======== Task inputs ========

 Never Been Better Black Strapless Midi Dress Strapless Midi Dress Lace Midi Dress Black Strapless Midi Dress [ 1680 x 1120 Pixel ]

========
======== Task inputs ========

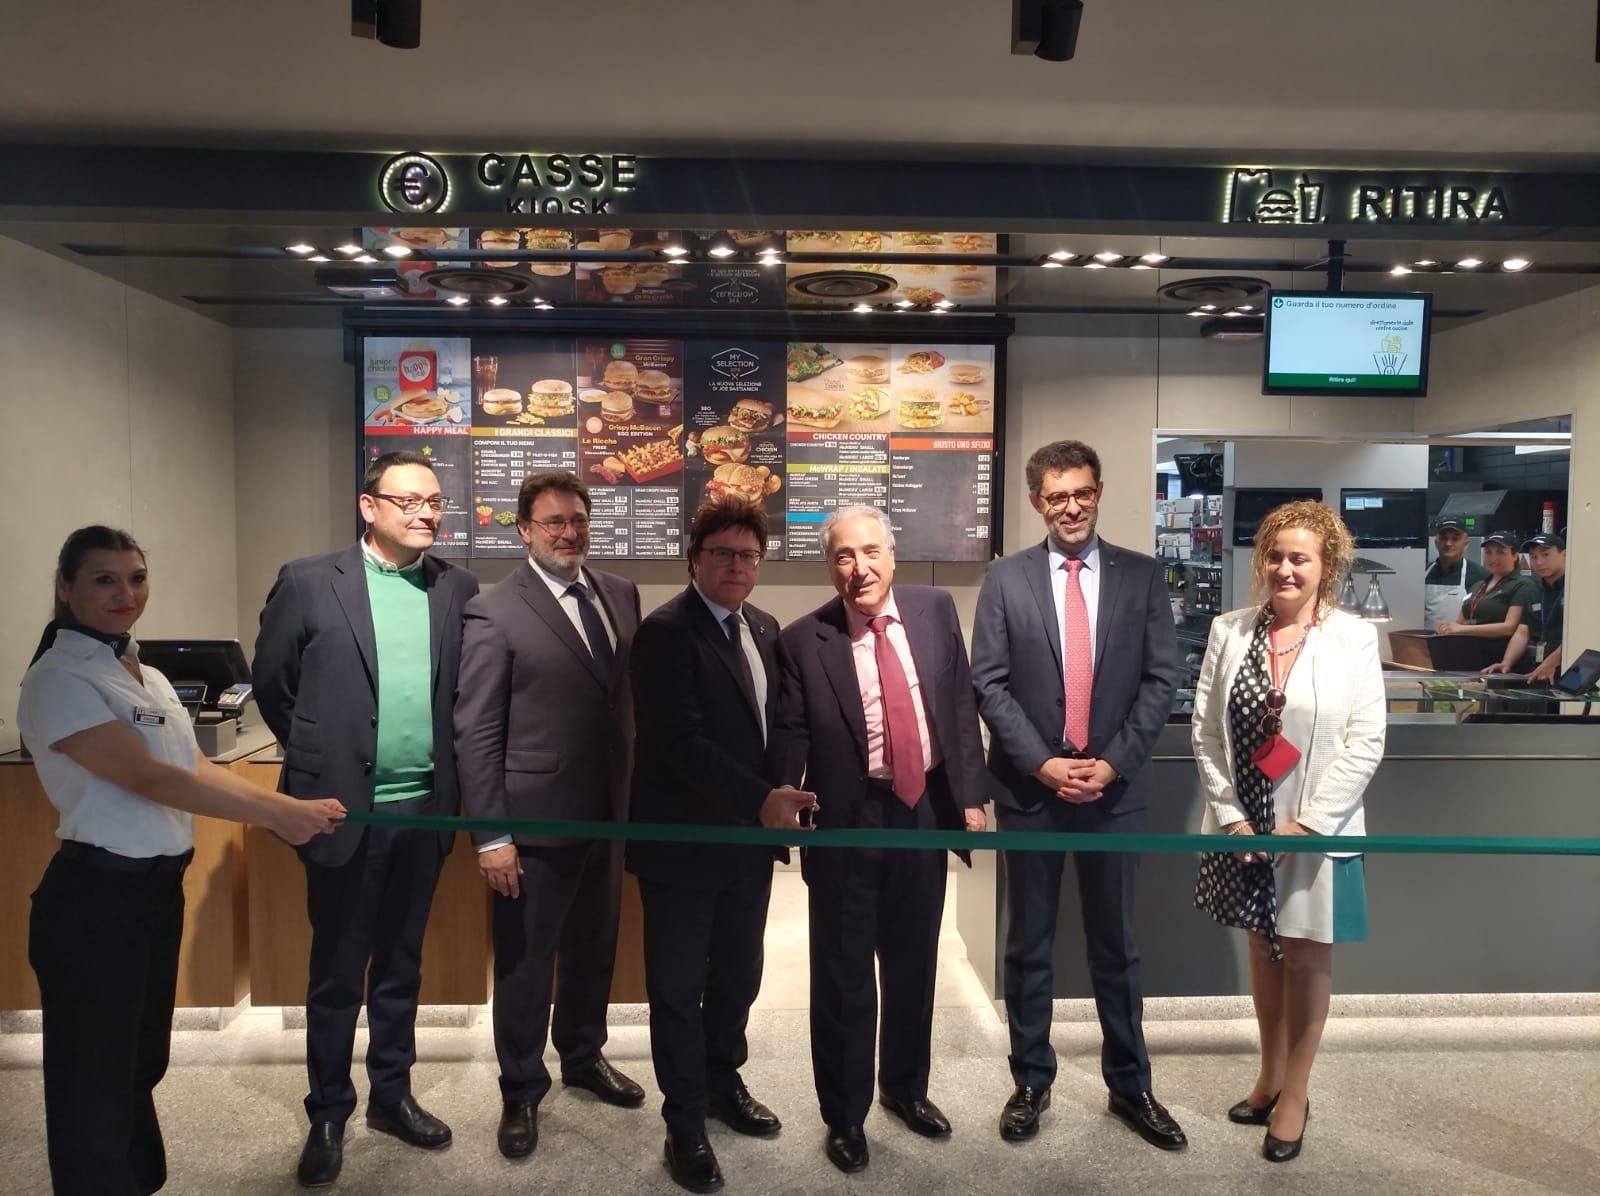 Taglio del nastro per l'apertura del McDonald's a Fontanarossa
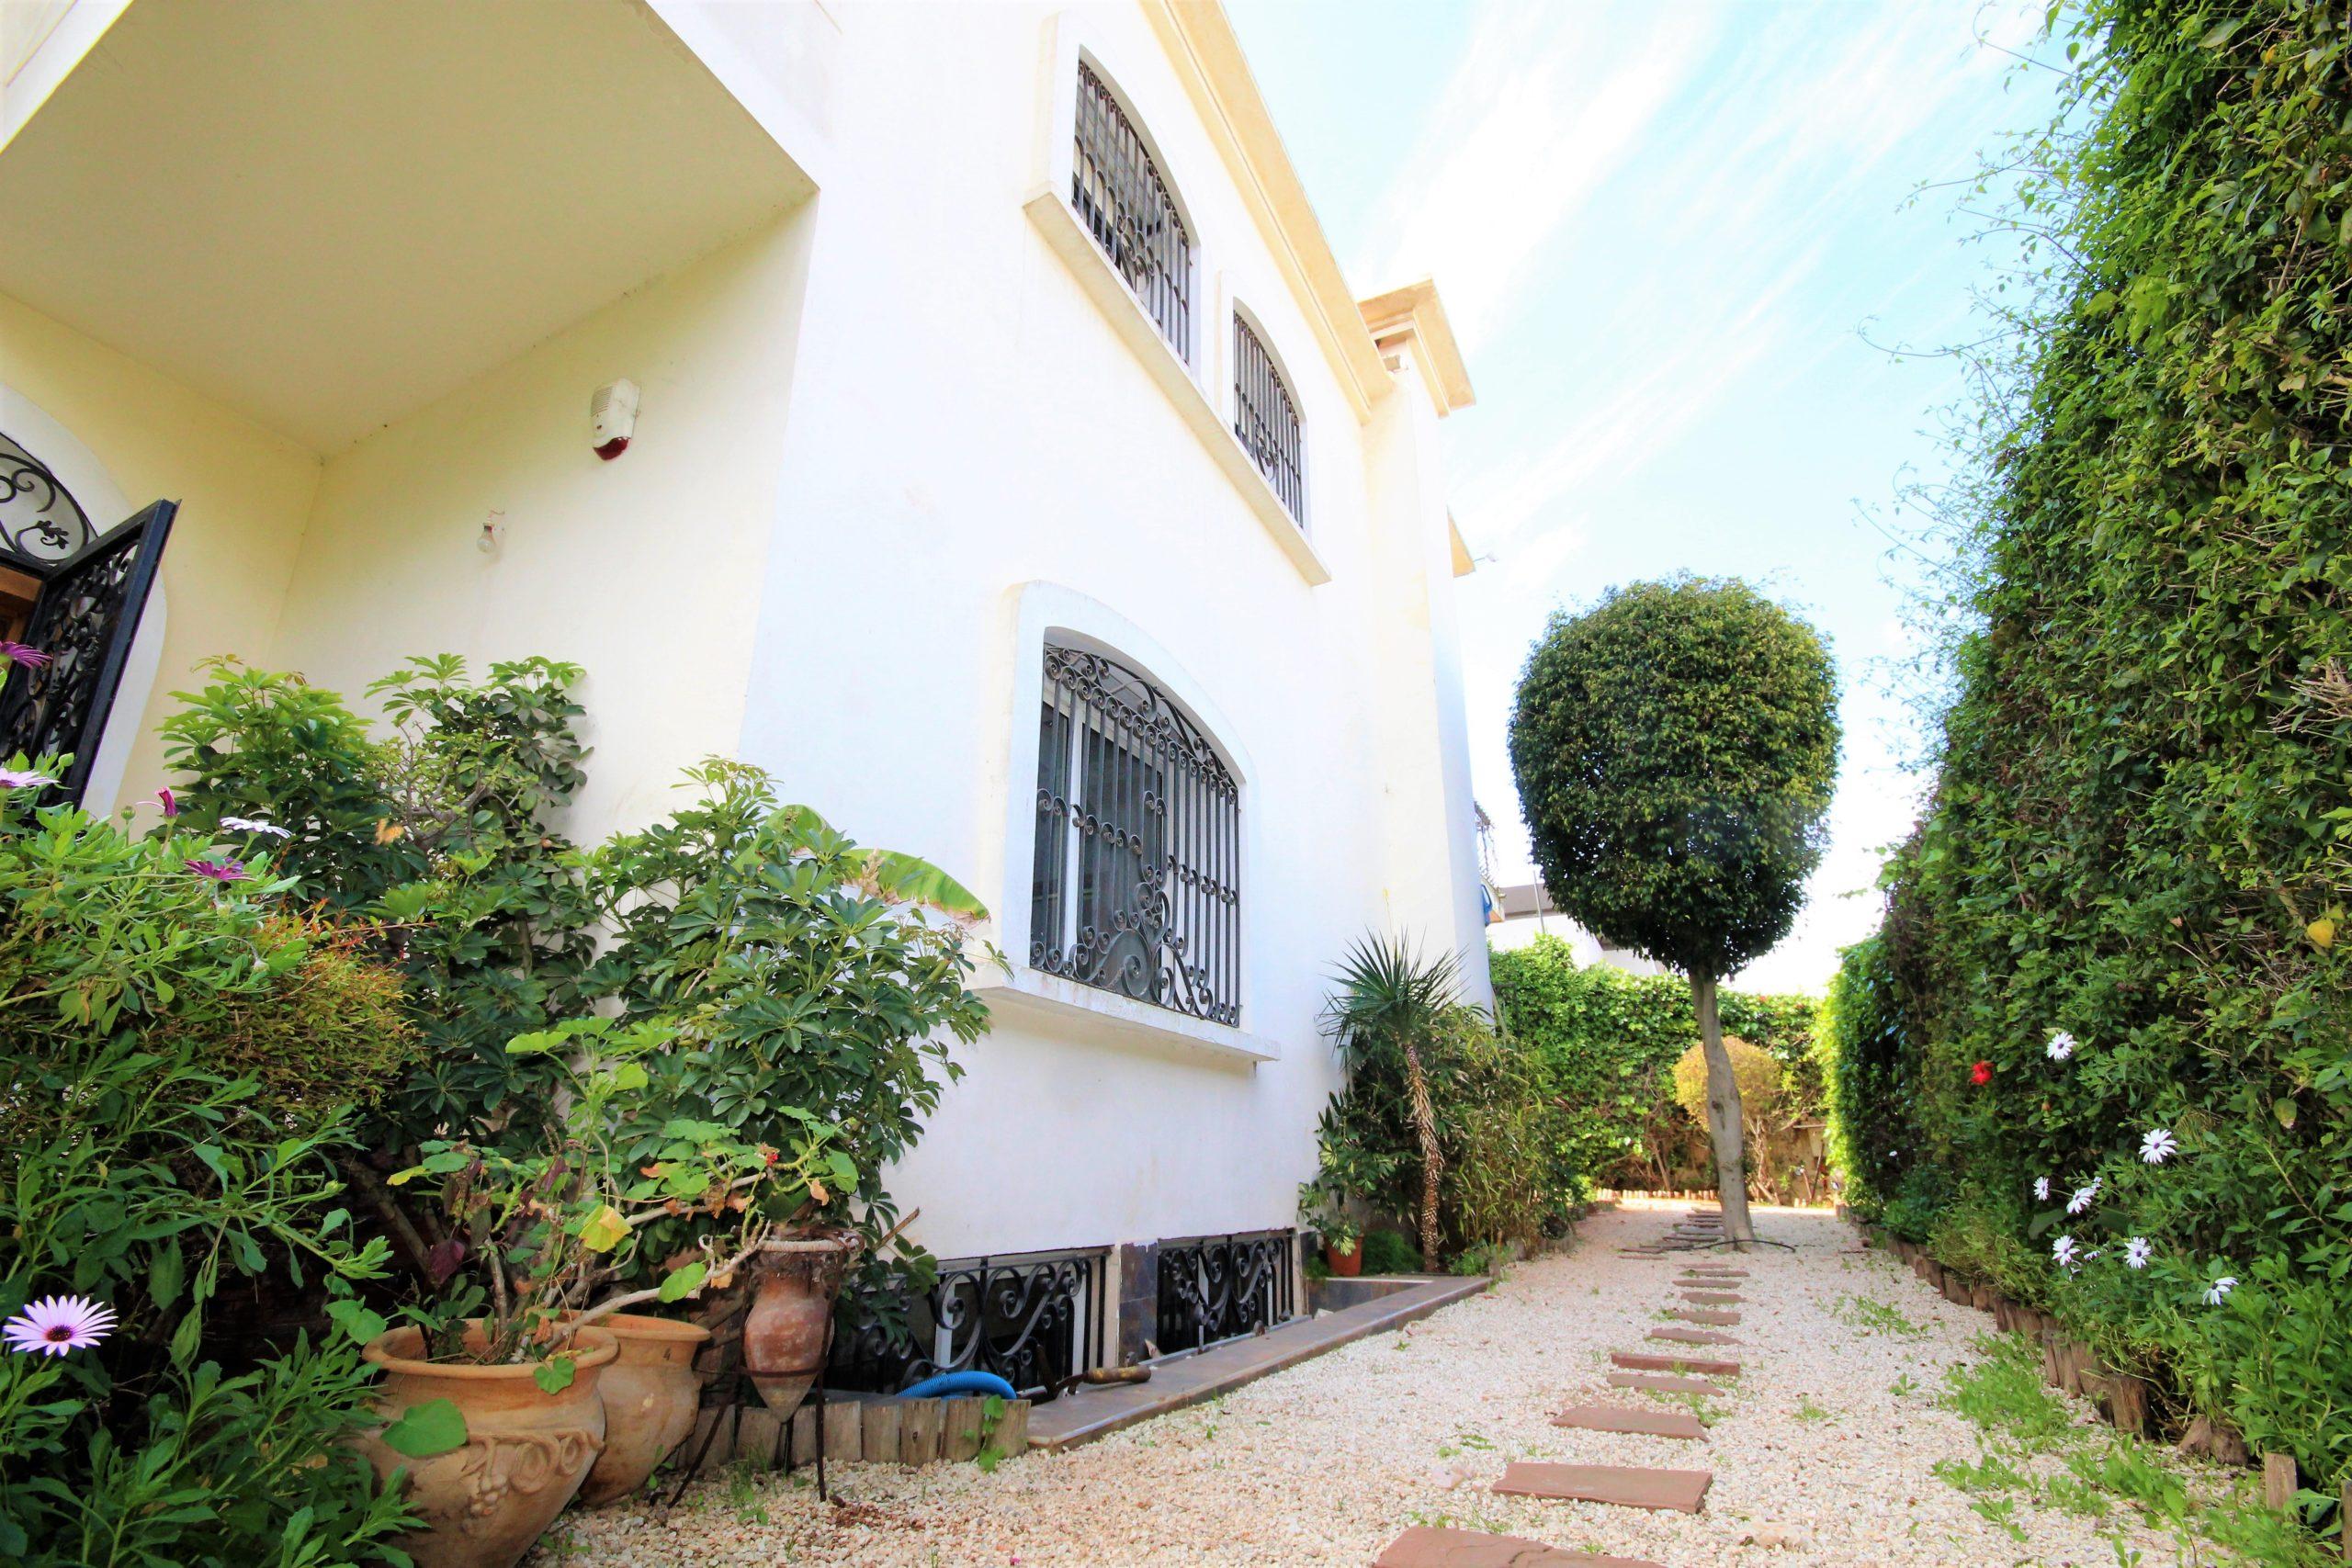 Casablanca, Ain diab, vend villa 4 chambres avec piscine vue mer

========

Copy out exactly the lines above beginning with the line that contains "Taglio del nastro" and finishing with the line that contains "Casablanca, Ain diab, vend", including both; leave the pictures out.

 Taglio del nastro per l'apertura del McDonald's a Fontanarossa
 Casablanca, Ain diab, vend villa 4 chambres avec piscine vue mer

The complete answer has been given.